Softwarepackaging

The term „Software Packaging“ identifies those activities which prepare software so it becomes a „software package“, which in its final status allows the automated and unattended installation of software onto a defined target system - and by the way, also allows the reverse process, the de-installation of the software.

Software packaging is being used if the manual installation of software via regular data mediums (e.g. CD or DVD, etc.) does not make sense. This is almost always the case in those organization, which provide their employees with software via large networks. Simply from a timing perspective manual distribution and installations of hundreds of software applications does not make sense in an organization running thousands of workstations.

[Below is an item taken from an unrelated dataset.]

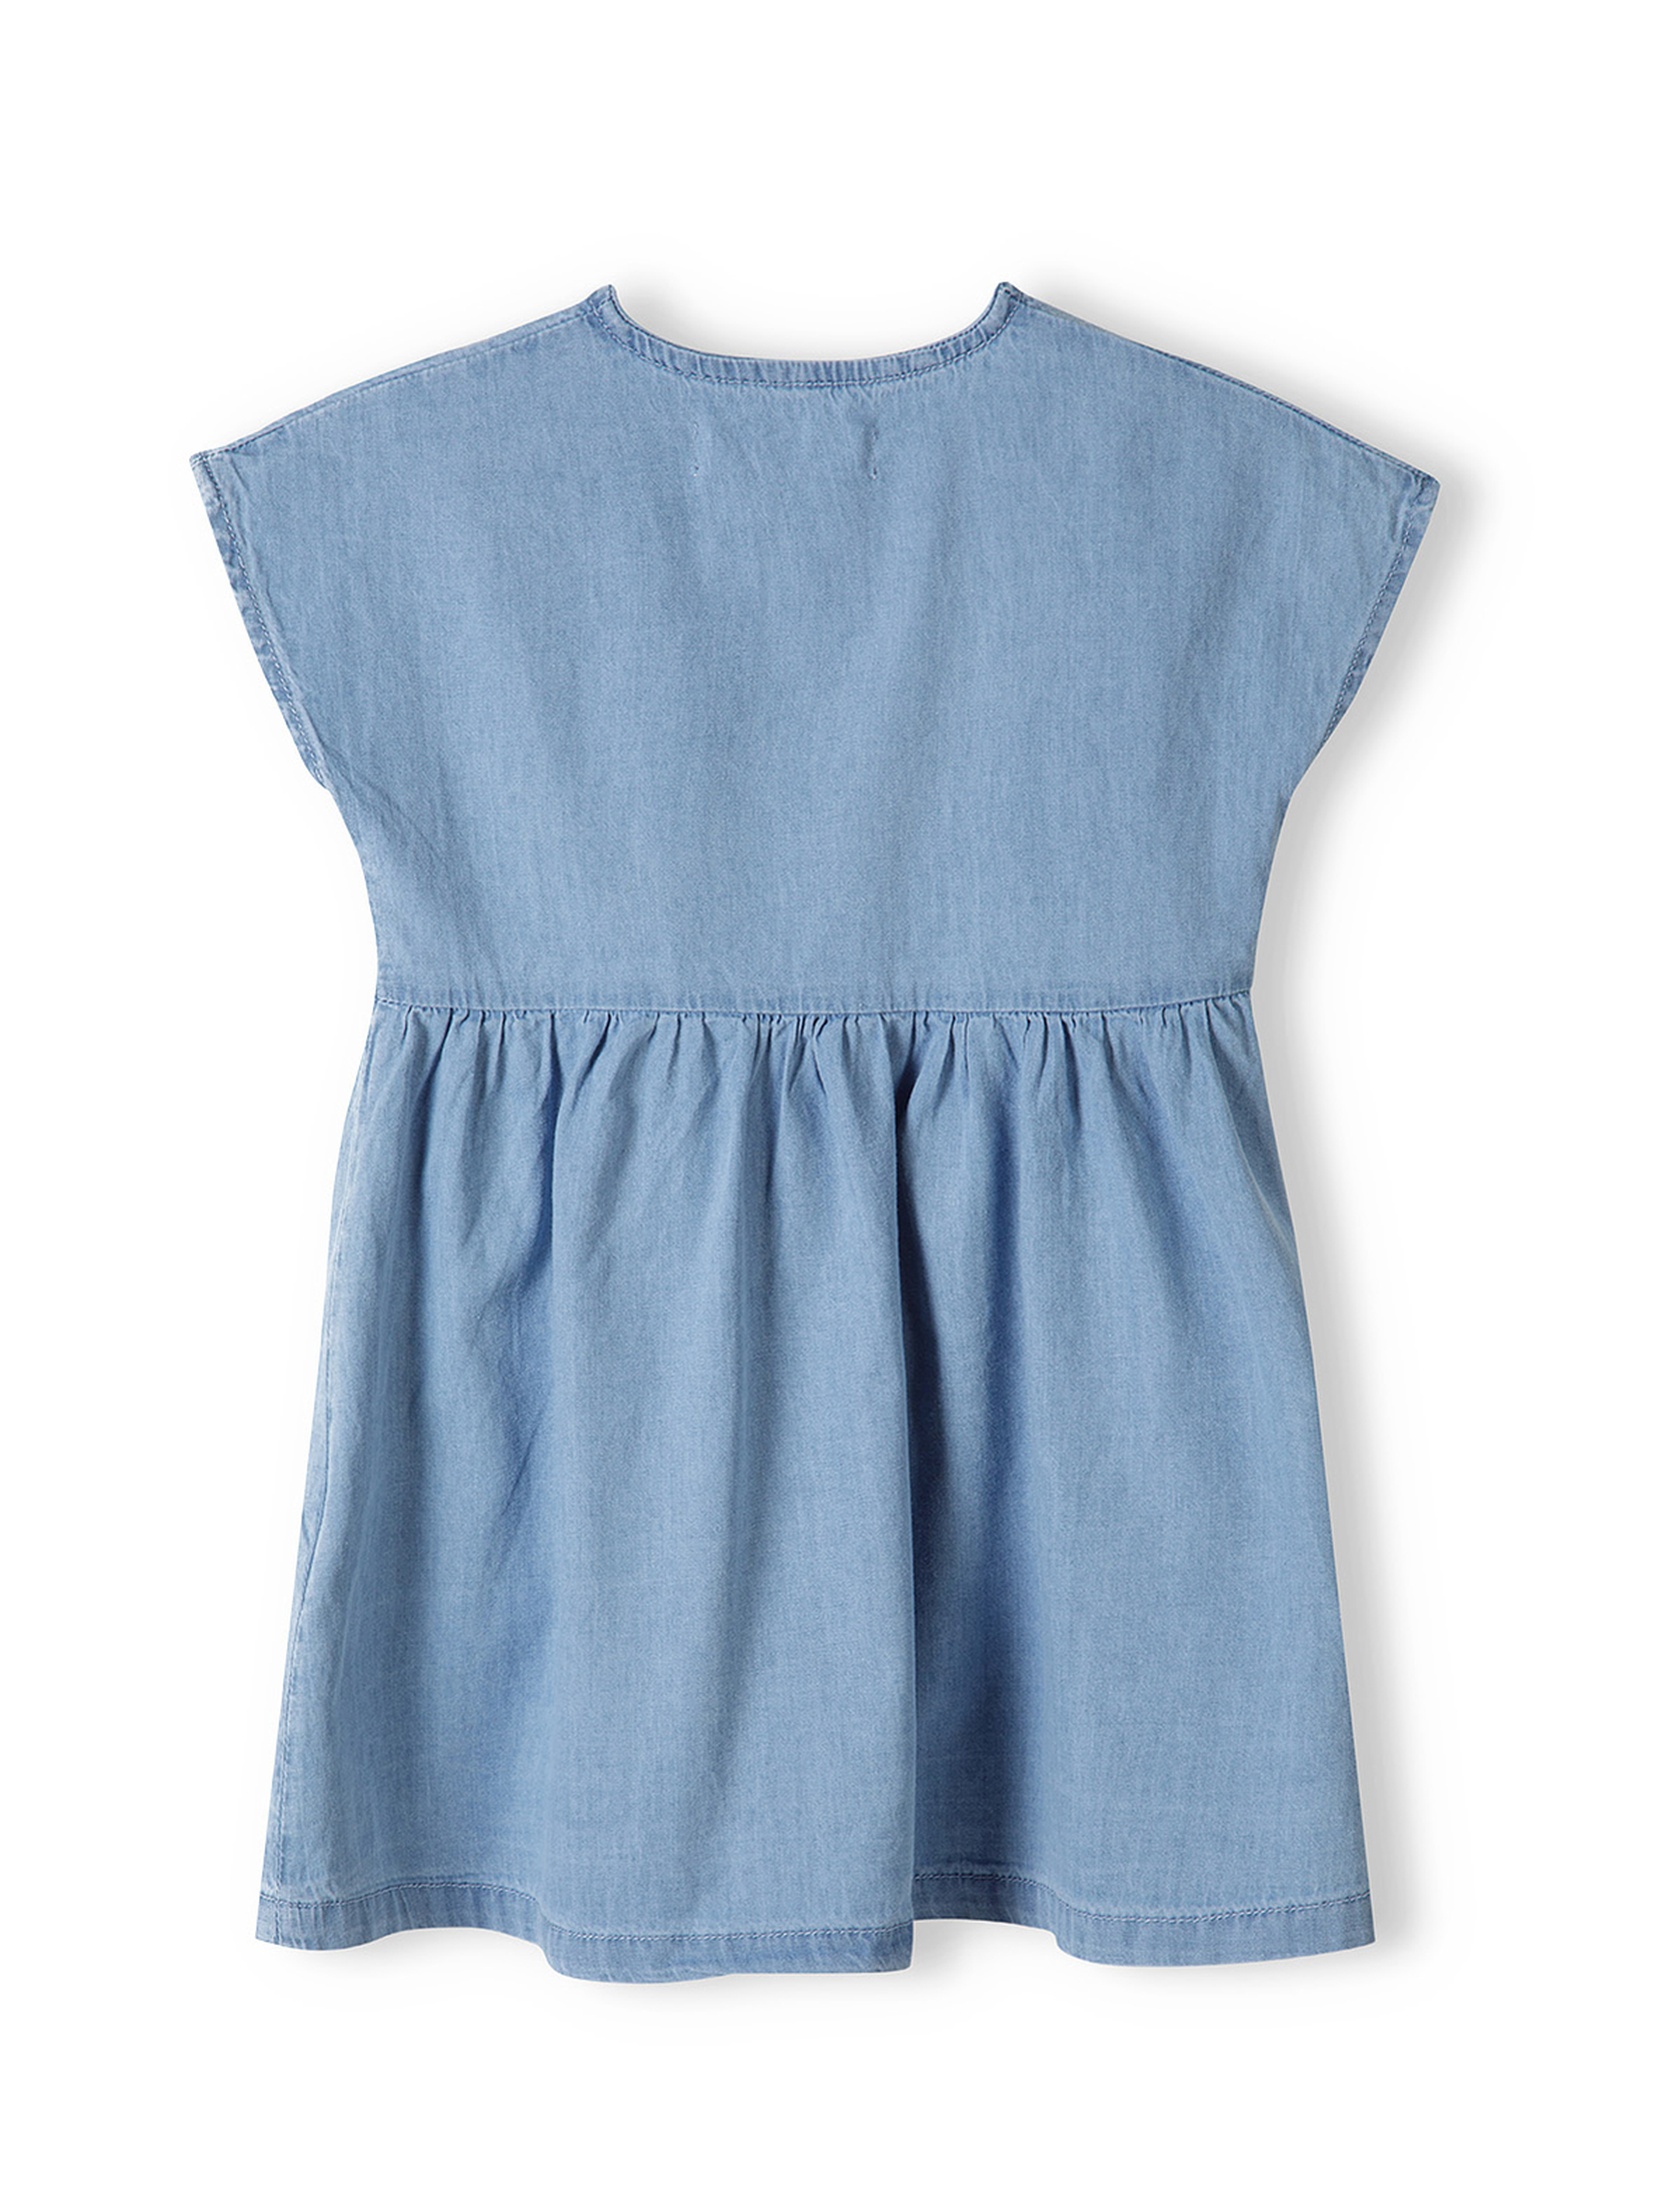 Niebieska sukienka niemowlęca z bawełny z krótkim rękawem

Considering how many mistakes can be made when performing an installation and how many time is needed to do corrections, manual installations are not wise from a factual point of view either. Managing your software becomes easier and its environment becomes more robust.

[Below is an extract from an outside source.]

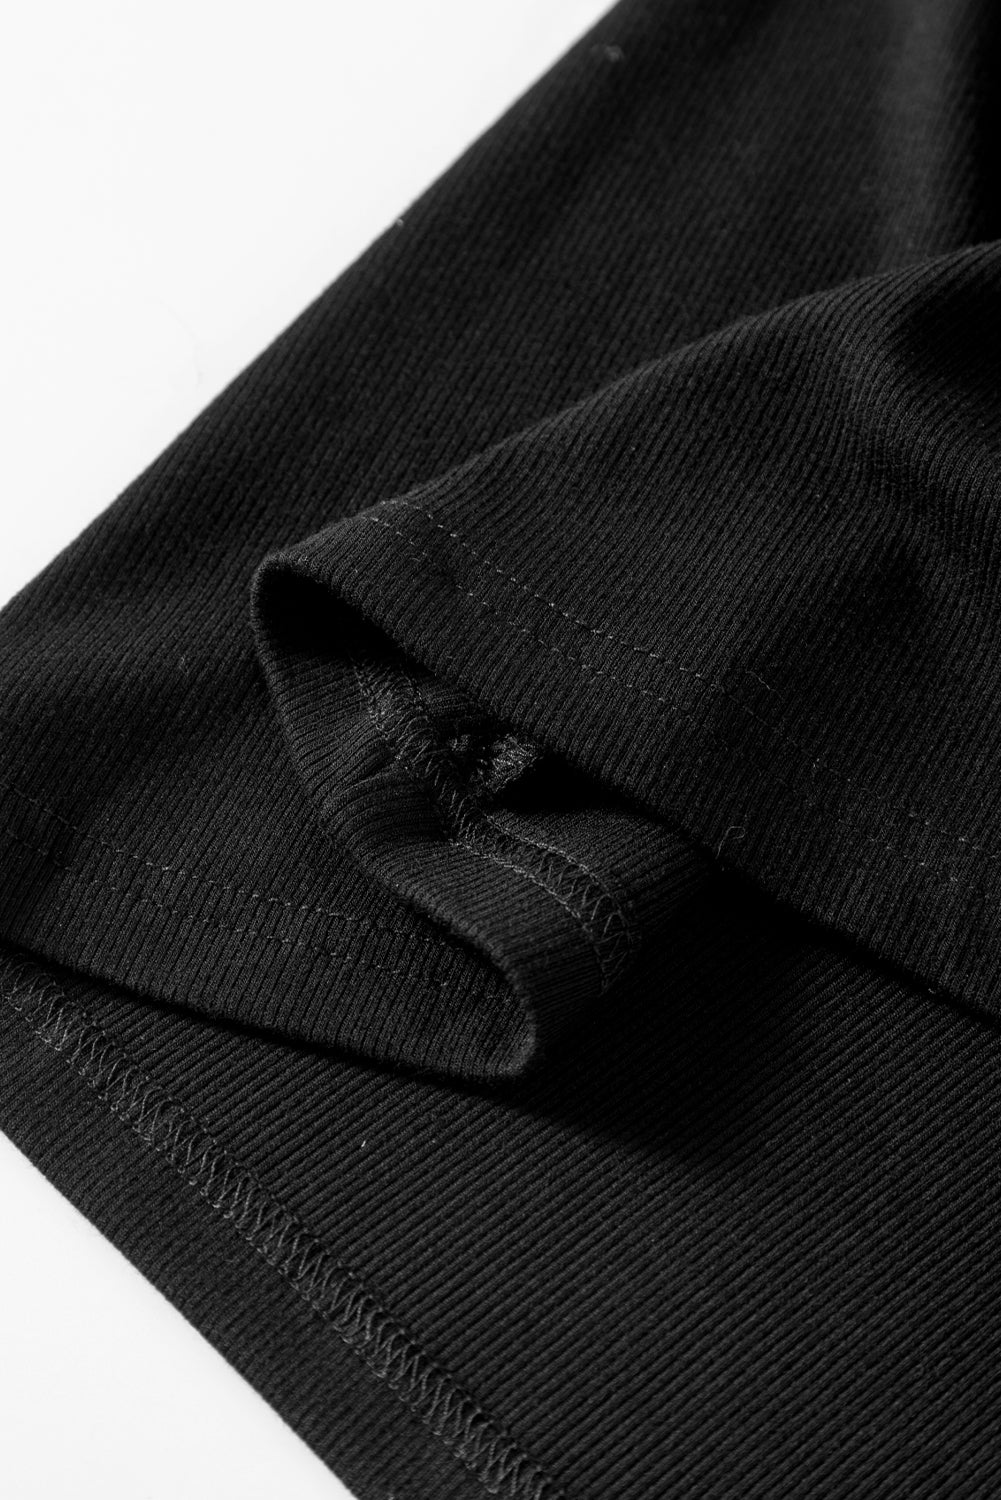 Schwarzes, halbärmliges Oberteil mit Stern-Pailletten-Spleißen

The systems stay stable and are more reliable after installation as well as de-installation. You can count on significantly less inquiries (incident tickets) at your service desk.
Software distribution, which is always independent from packaging, and the following installation of software packages are carried out secured reproducible and systematically following defined and agreed upon rules.

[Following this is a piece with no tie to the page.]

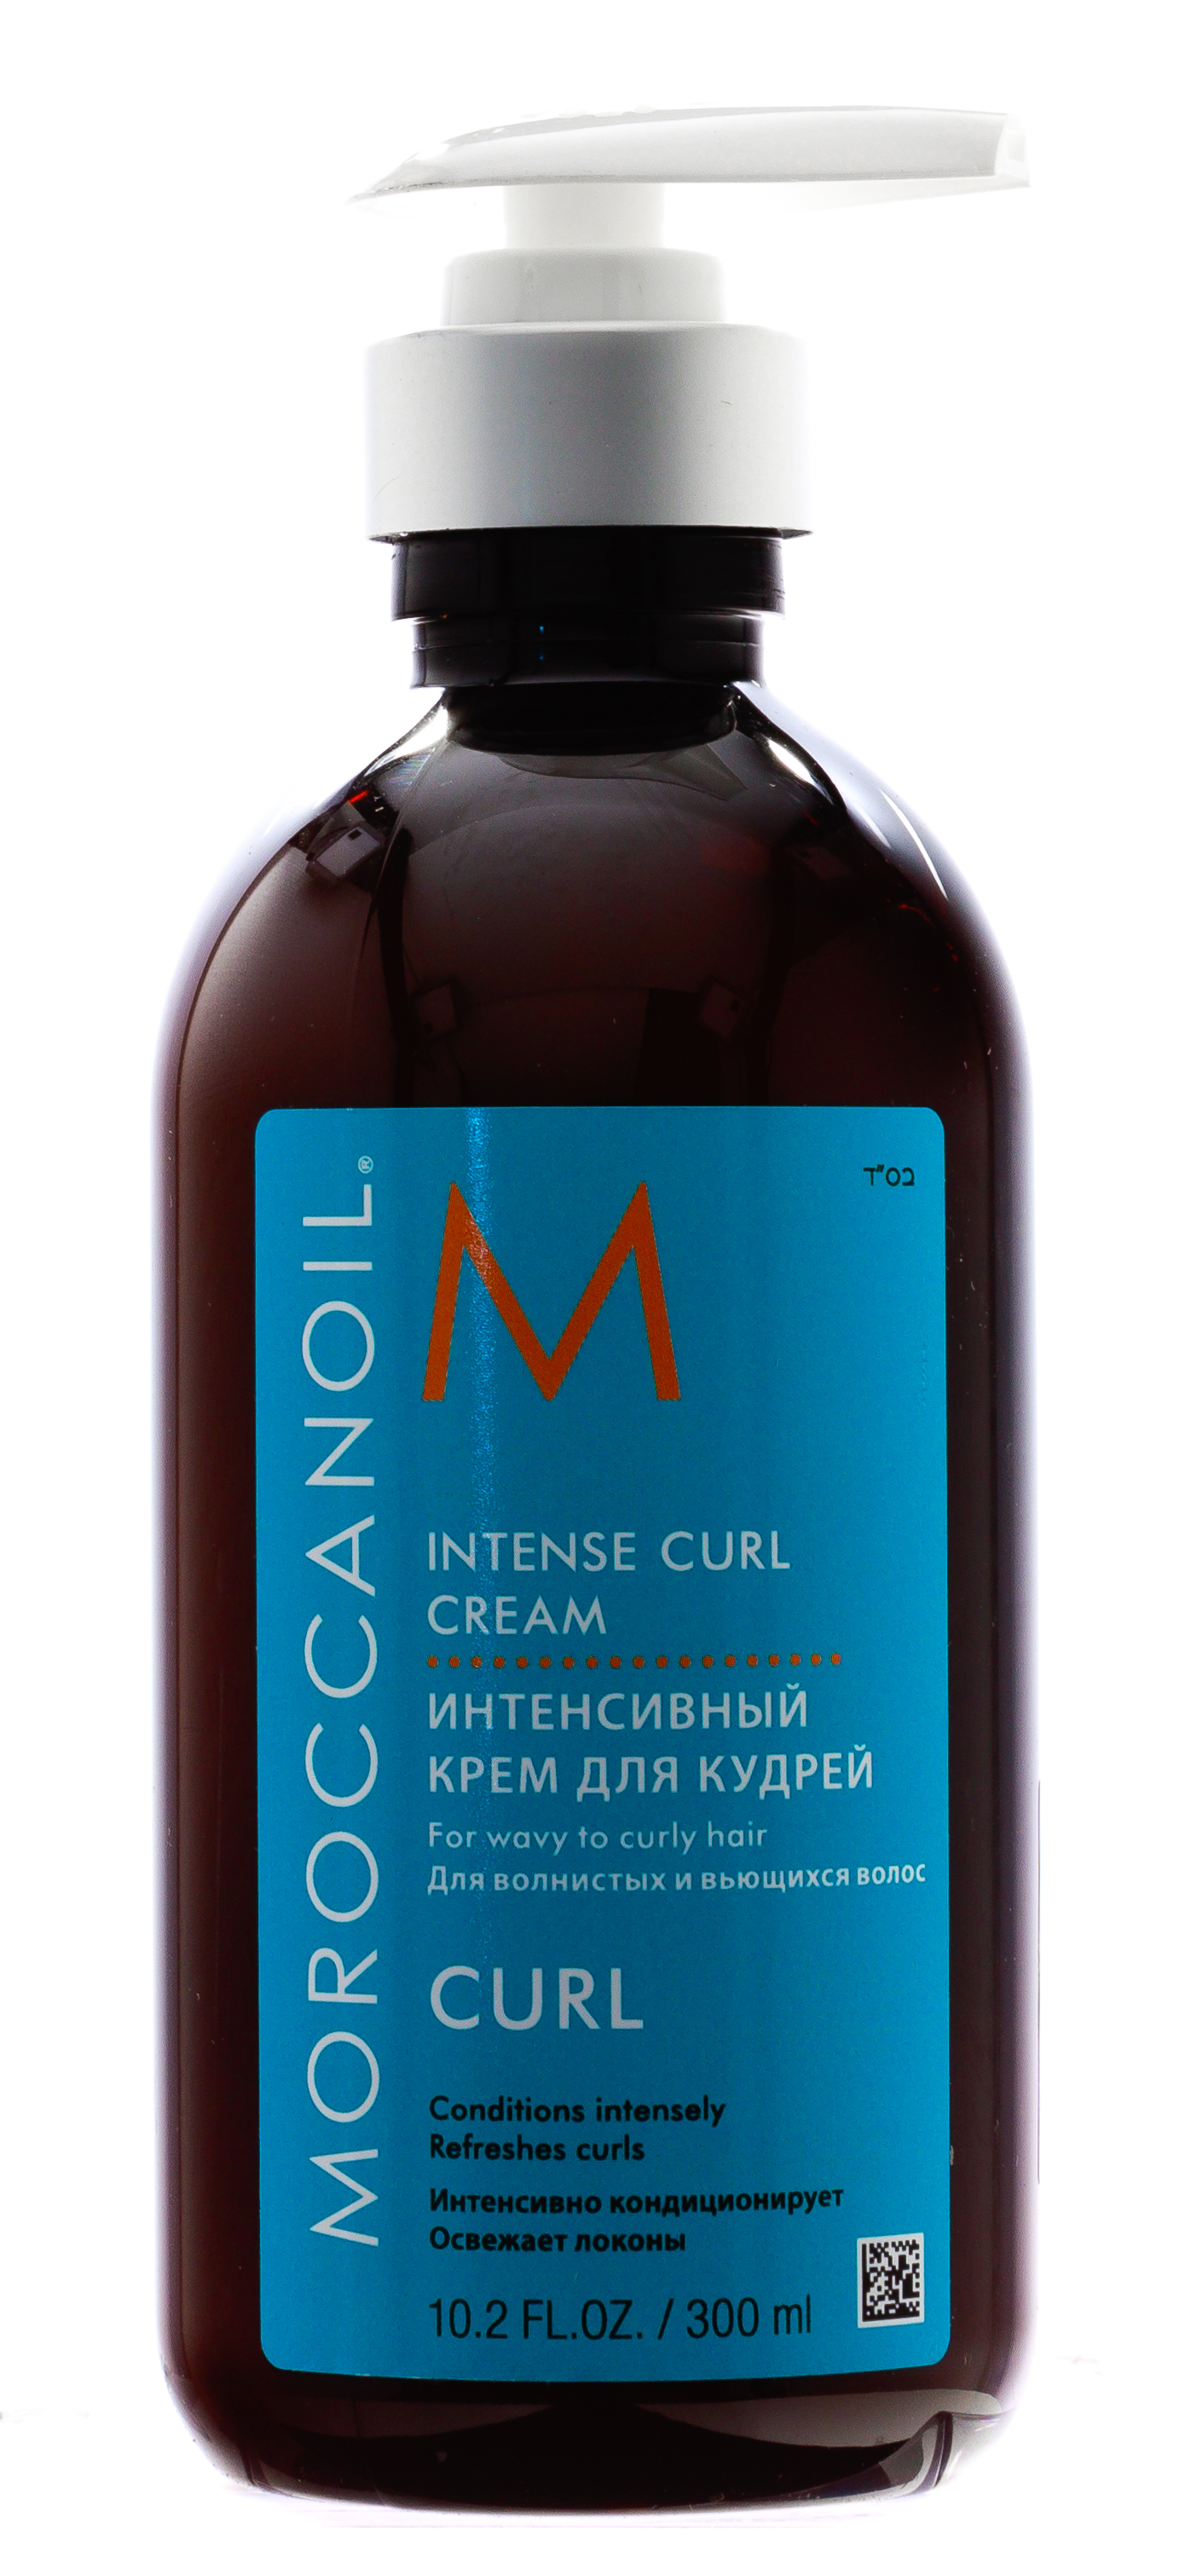 Moroccanoil Крем для подчеркивания кудрей, 300 мл (Moroccanoil, Curl) moroccanoil крем intense curl 500 мл 500 г

This avoids a more or less coincidental execution of installations where the loudest caller gets served first, where systematic and reproducibility are absent and e.g. time caused interrupts in failure cases are regular (“sneaker administration”).

Restore points are clearly defined as well as the interruption of package installations or their rejects.
All clients run significantly more stable and software administration costs get cut, additionally the uptime for users and therefore their productivity gets increased.

An application packaged in the standardized MSIformat can be used in different target environments with no or just low change efforts.

This holds true for some formats of software virtualization (e.g. SVS) as well. This way, a packaged application could run on a German PC whilst it got packaged for a British one (“Package-once-use-many”-method).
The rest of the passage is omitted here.